→ What the task requires:
Write out the following listing in full, exactly as it reads.

→ Data for analysis:
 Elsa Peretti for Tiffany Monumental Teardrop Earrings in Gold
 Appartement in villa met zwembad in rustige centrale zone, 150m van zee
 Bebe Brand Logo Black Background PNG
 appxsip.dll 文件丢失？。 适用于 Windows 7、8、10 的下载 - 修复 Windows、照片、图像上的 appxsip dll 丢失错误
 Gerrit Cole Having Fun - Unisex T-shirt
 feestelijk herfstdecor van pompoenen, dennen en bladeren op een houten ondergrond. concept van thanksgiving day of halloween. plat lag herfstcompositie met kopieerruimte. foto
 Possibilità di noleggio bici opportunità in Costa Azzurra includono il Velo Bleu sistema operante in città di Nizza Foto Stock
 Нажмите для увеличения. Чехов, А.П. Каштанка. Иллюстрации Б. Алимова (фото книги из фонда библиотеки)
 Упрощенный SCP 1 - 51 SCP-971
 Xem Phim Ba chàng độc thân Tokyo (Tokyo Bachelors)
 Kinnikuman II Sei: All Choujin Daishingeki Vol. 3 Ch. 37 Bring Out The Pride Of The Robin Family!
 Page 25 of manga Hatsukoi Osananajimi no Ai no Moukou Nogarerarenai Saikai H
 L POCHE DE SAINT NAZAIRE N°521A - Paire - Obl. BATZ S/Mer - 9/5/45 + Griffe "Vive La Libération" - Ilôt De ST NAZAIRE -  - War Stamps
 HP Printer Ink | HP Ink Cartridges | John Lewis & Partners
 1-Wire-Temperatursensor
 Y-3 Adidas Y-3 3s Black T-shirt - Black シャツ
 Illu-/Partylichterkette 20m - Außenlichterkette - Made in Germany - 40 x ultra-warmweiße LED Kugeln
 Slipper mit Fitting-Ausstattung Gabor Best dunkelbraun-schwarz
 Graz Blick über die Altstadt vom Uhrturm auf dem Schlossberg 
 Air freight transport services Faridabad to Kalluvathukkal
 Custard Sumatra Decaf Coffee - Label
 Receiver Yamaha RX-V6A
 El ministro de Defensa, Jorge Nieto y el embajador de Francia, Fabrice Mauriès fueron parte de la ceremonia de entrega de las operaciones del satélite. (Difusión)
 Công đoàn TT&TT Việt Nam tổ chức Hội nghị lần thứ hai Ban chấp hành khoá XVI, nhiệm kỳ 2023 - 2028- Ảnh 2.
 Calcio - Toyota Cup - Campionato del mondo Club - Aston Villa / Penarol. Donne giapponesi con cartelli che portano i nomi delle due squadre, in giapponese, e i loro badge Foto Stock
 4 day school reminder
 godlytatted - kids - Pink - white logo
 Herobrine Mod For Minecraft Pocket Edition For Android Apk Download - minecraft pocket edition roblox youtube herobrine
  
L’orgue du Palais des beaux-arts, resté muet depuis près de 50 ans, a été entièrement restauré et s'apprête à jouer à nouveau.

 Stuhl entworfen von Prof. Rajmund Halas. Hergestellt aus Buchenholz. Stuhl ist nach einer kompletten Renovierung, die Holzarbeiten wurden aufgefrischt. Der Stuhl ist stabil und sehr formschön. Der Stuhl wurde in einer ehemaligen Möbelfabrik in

→ Solution to this exercise:
 Elsa Peretti for Tiffany Monumental Teardrop Earrings in Gold
 Appartement in villa met zwembad in rustige centrale zone, 150m van zee
 Bebe Brand Logo Black Background PNG
 appxsip.dll 文件丢失？。 适用于 Windows 7、8、10 的下载 - 修复 Windows、照片、图像上的 appxsip dll 丢失错误
 Gerrit Cole Having Fun - Unisex T-shirt
 feestelijk herfstdecor van pompoenen, dennen en bladeren op een houten ondergrond. concept van thanksgiving day of halloween. plat lag herfstcompositie met kopieerruimte. foto
 Possibilità di noleggio bici opportunità in Costa Azzurra includono il Velo Bleu sistema operante in città di Nizza Foto Stock
 Нажмите для увеличения. Чехов, А.П. Каштанка. Иллюстрации Б. Алимова (фото книги из фонда библиотеки)
 Упрощенный SCP 1 - 51 SCP-971
 Xem Phim Ba chàng độc thân Tokyo (Tokyo Bachelors)
 Kinnikuman II Sei: All Choujin Daishingeki Vol. 3 Ch. 37 Bring Out The Pride Of The Robin Family!
 Page 25 of manga Hatsukoi Osananajimi no Ai no Moukou Nogarerarenai Saikai H
 L POCHE DE SAINT NAZAIRE N°521A - Paire - Obl. BATZ S/Mer - 9/5/45 + Griffe "Vive La Libération" - Ilôt De ST NAZAIRE -  - War Stamps
 HP Printer Ink | HP Ink Cartridges | John Lewis & Partners
 1-Wire-Temperatursensor
 Y-3 Adidas Y-3 3s Black T-shirt - Black シャツ
 Illu-/Partylichterkette 20m - Außenlichterkette - Made in Germany - 40 x ultra-warmweiße LED Kugeln
 Slipper mit Fitting-Ausstattung Gabor Best dunkelbraun-schwarz
 Graz Blick über die Altstadt vom Uhrturm auf dem Schlossberg 
 Air freight transport services Faridabad to Kalluvathukkal
 Custard Sumatra Decaf Coffee - Label
 Receiver Yamaha RX-V6A
 El ministro de Defensa, Jorge Nieto y el embajador de Francia, Fabrice Mauriès fueron parte de la ceremonia de entrega de las operaciones del satélite. (Difusión)
 Công đoàn TT&TT Việt Nam tổ chức Hội nghị lần thứ hai Ban chấp hành khoá XVI, nhiệm kỳ 2023 - 2028- Ảnh 2.
 Calcio - Toyota Cup - Campionato del mondo Club - Aston Villa / Penarol. Donne giapponesi con cartelli che portano i nomi delle due squadre, in giapponese, e i loro badge Foto Stock
 4 day school reminder
 godlytatted - kids - Pink - white logo
 Herobrine Mod For Minecraft Pocket Edition For Android Apk Download - minecraft pocket edition roblox youtube herobrine
  
L’orgue du Palais des beaux-arts, resté muet depuis près de 50 ans, a été entièrement restauré et s'apprête à jouer à nouveau.

 Stuhl entworfen von Prof. Rajmund Halas. Hergestellt aus Buchenholz. Stuhl ist nach einer kompletten Renovierung, die Holzarbeiten wurden aufgefrischt. Der Stuhl ist stabil und sehr formschön. Der Stuhl wurde in einer ehemaligen Möbelfabrik in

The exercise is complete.